For the most part, the rounds were ineffectual, smacking into timber or packed earth. But not every time. Men still died, stepping up at the wrong moment, catching a stray bullet, or even a ricocheted into the trench.
And none of that counted the artillery.
Ky did not press her, but waited patiently. If she wanted to see this, then he would let her soak in it. Really observe it, so she understood just what they faced, and why there were no other options than this.
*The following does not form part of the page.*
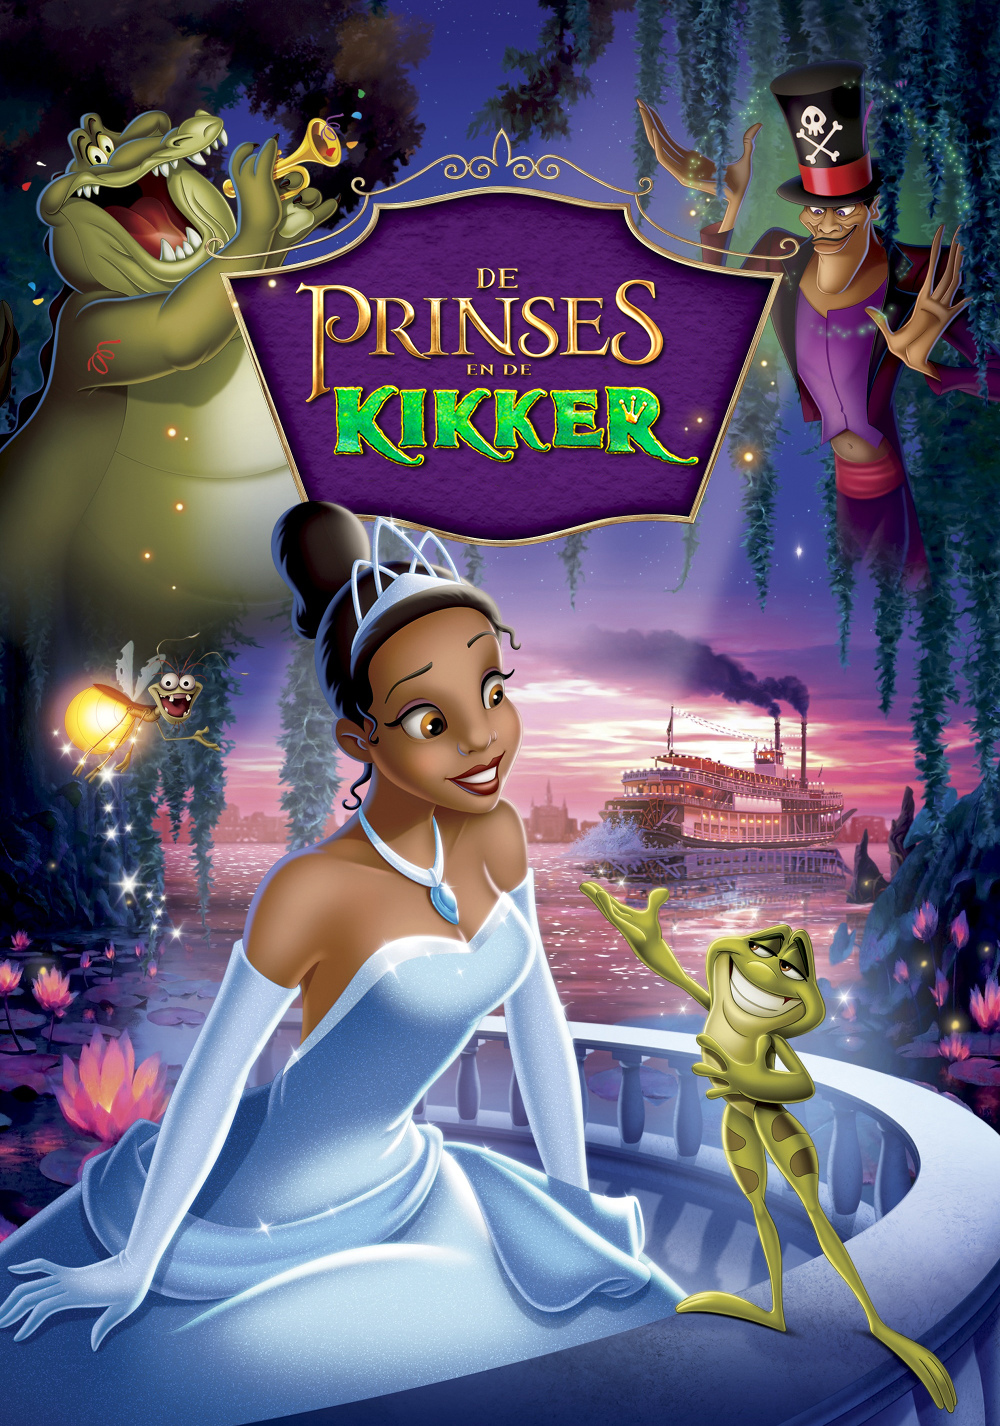 The Princess And The Frog Movie Poster - ID: 138773 - Image Abyss.

Finally, she turned from the viewing slit and said, "Fine. If this is what it takes, I'll find you the men to kill."
She turned and walked out of the bunker without another word, her guards falling in around her. Ky knew her anger wouldn't hold. She knew him enough to know this wasn't what he wanted.
But still, it stung.
He'd brought this technology, these changes to their world. The rifled muskets and cannon had seemed like such advantages when fighting the Carthaginians. But now...
"Consul?" his aide's voice broke through his thoughts.
"Right. Since we're here, let's finish the tour ourselves. I want to see how far we've gotten on the secondary trench lines."